### INPUT FOR THIS TASK
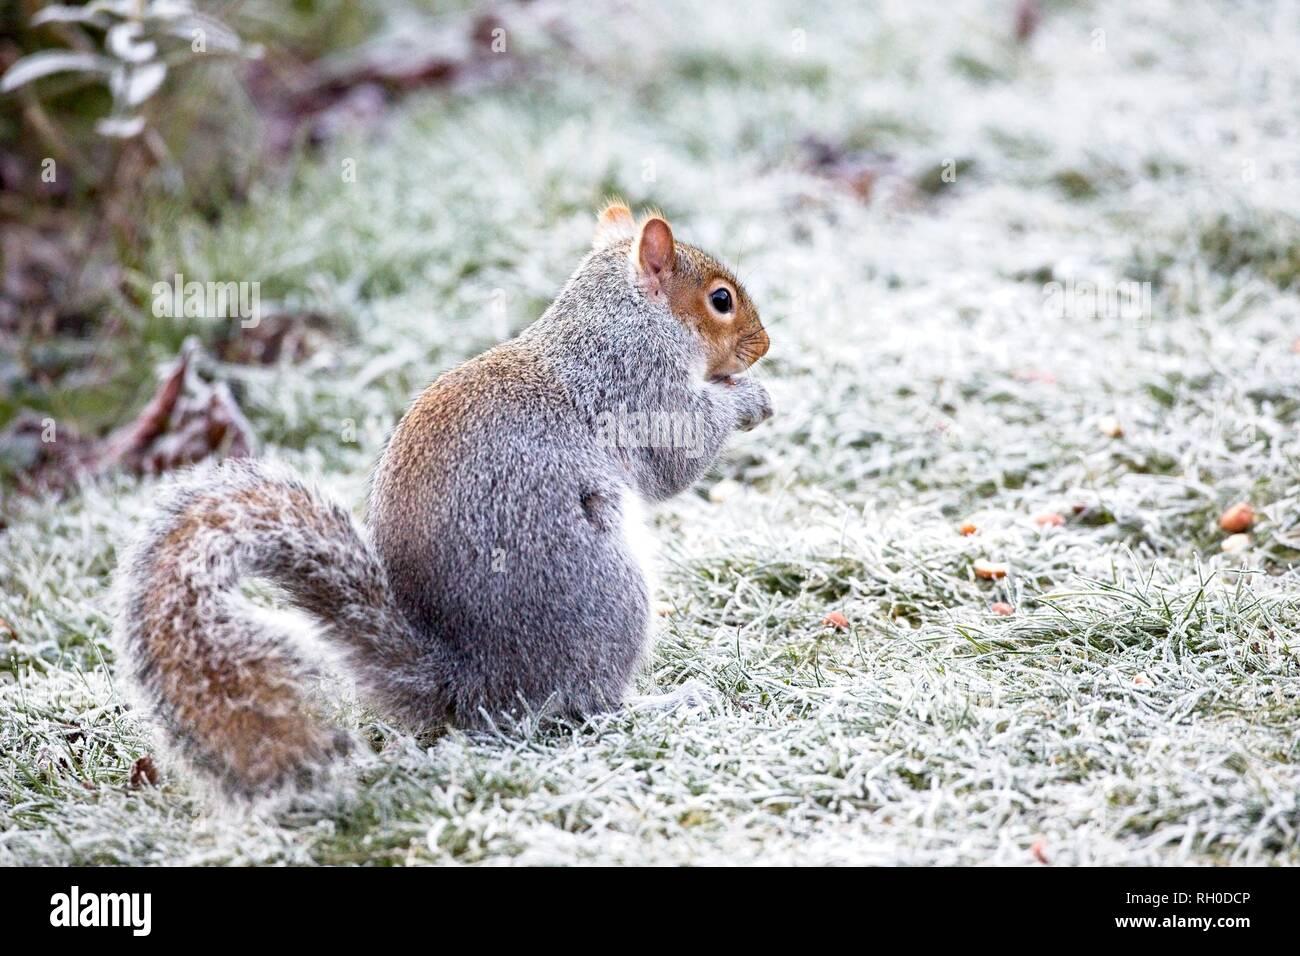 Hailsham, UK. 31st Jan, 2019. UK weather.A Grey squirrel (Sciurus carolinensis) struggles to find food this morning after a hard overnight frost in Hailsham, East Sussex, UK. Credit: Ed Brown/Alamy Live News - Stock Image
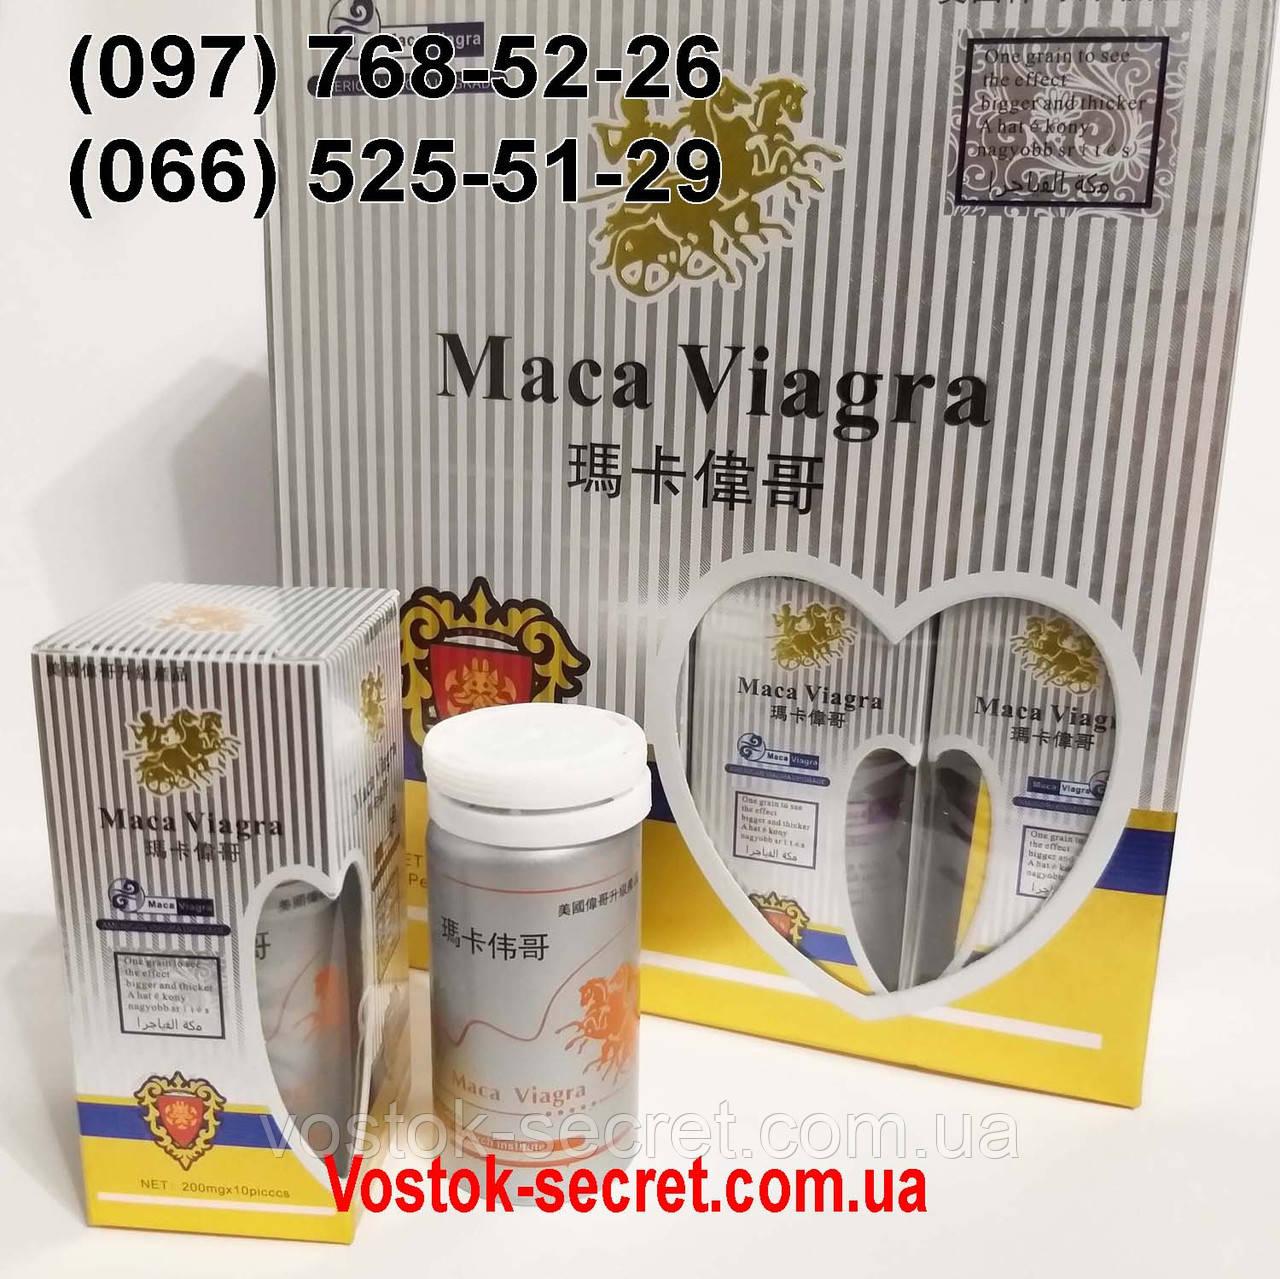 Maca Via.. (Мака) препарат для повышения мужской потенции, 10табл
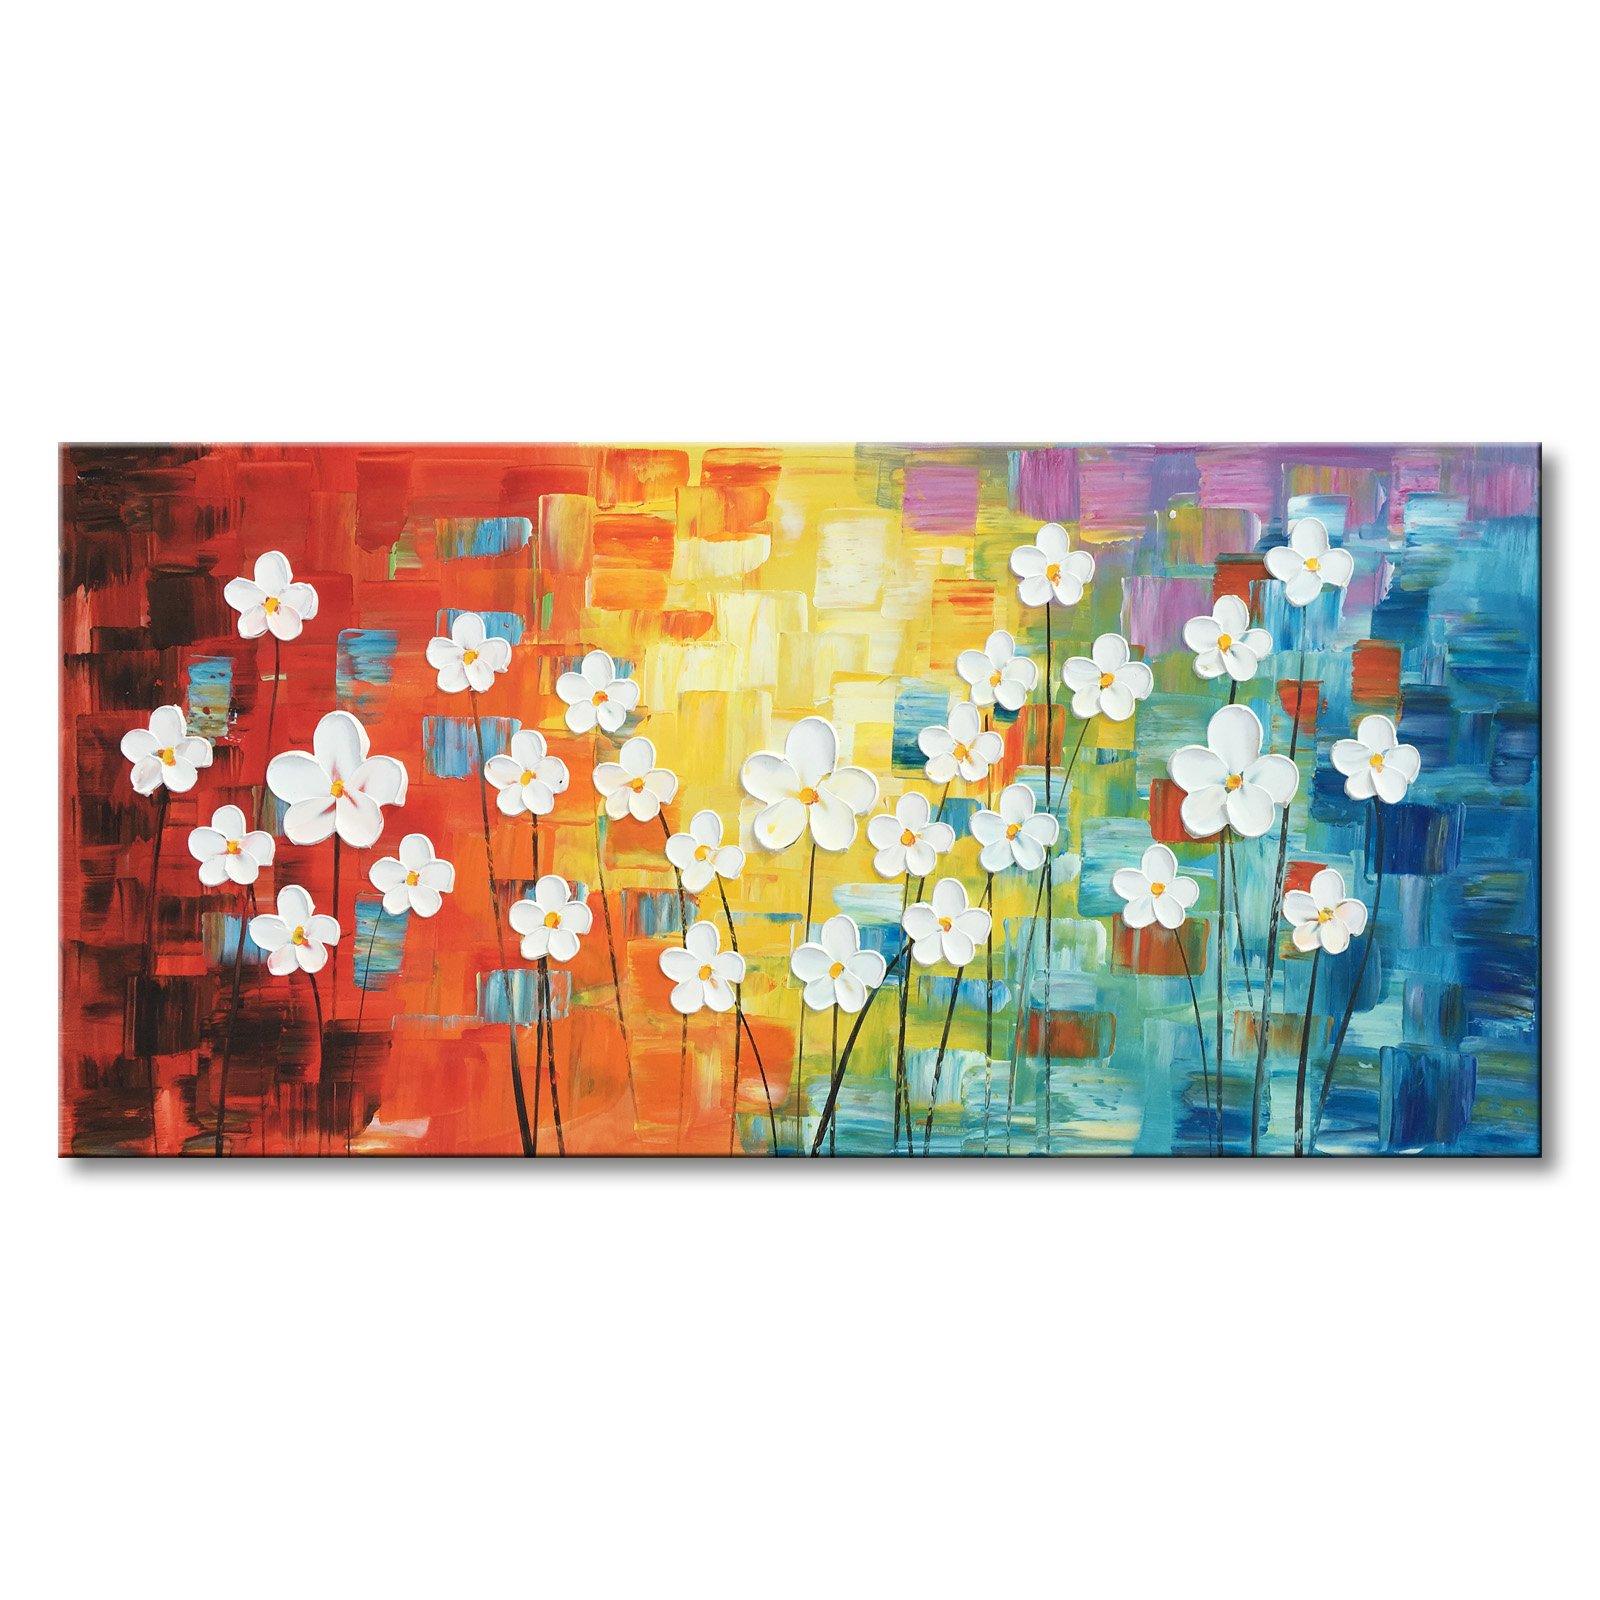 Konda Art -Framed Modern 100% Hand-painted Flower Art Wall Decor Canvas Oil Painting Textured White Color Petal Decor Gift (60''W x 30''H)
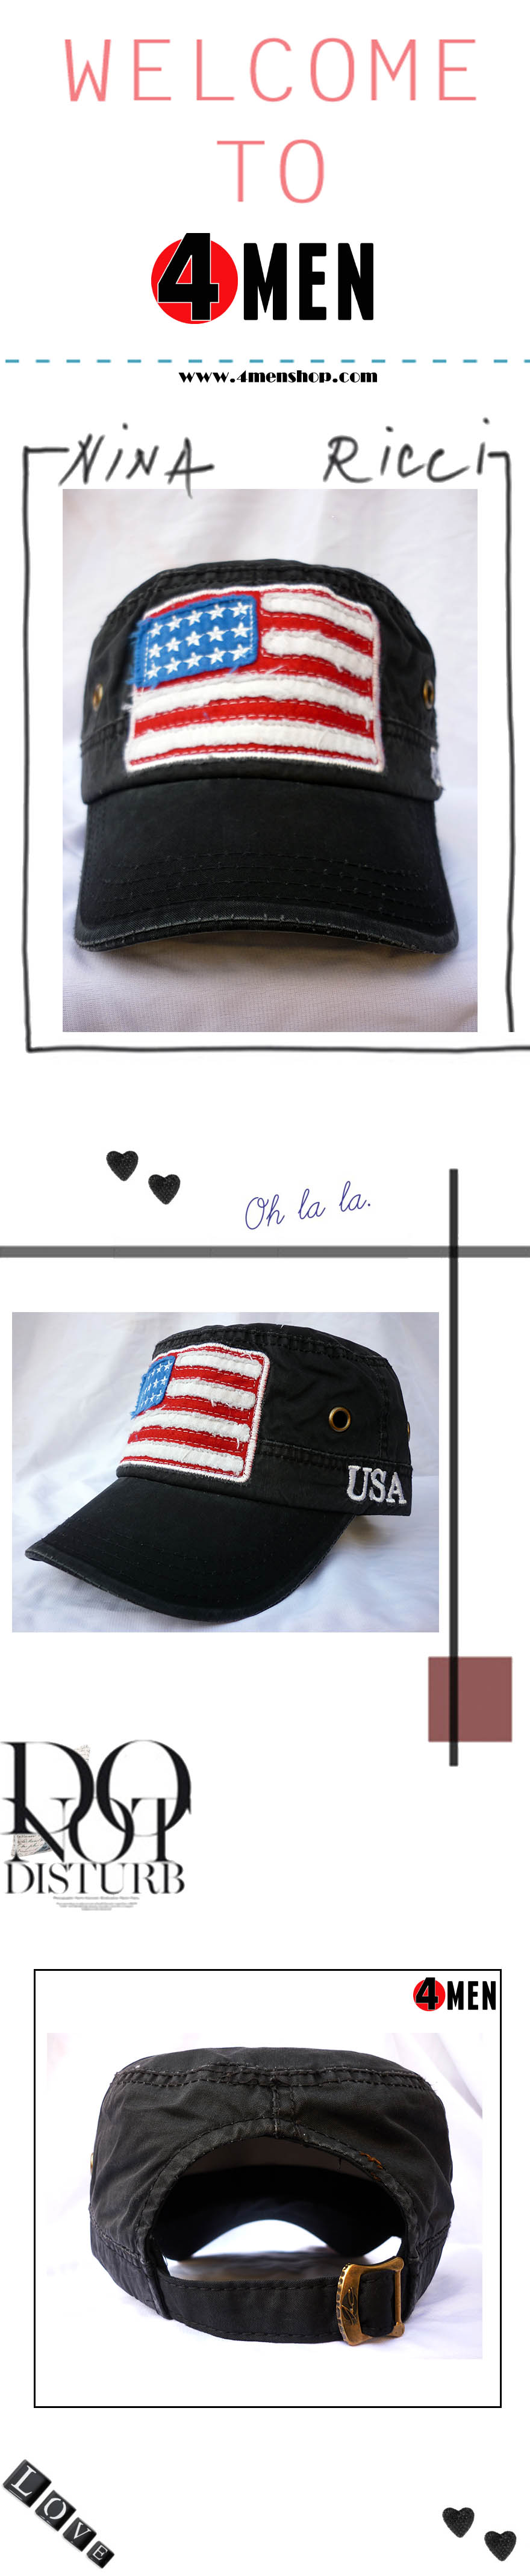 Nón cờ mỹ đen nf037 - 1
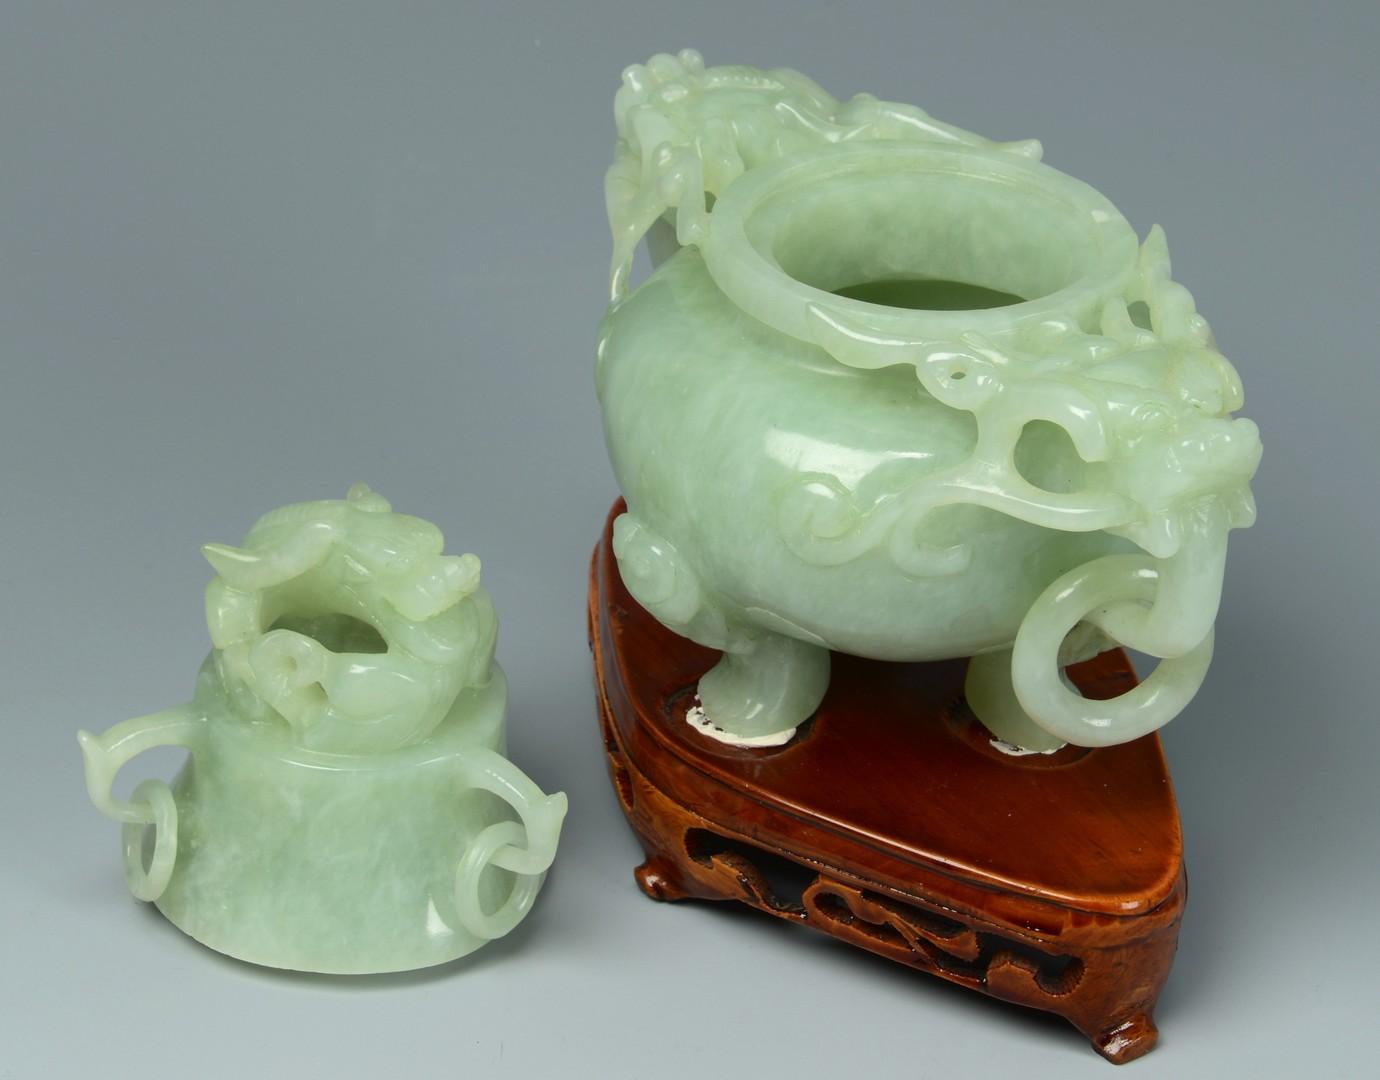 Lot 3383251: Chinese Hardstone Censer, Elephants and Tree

### TRY IT
Nothing is needed beyond an exact transcription of the lines from the one containing "Konda Art -Framed" to the end of the entries above, with the pictures omitted.

### EXPECTED ANSWER
 Konda Art -Framed Modern 100% Hand-painted Flower Art Wall Decor Canvas Oil Painting Textured White Color Petal Decor Gift (60''W x 30''H)
 Nón cờ mỹ đen nf037 - 1
 Lot 3383251: Chinese Hardstone Censer, Elephants and Tree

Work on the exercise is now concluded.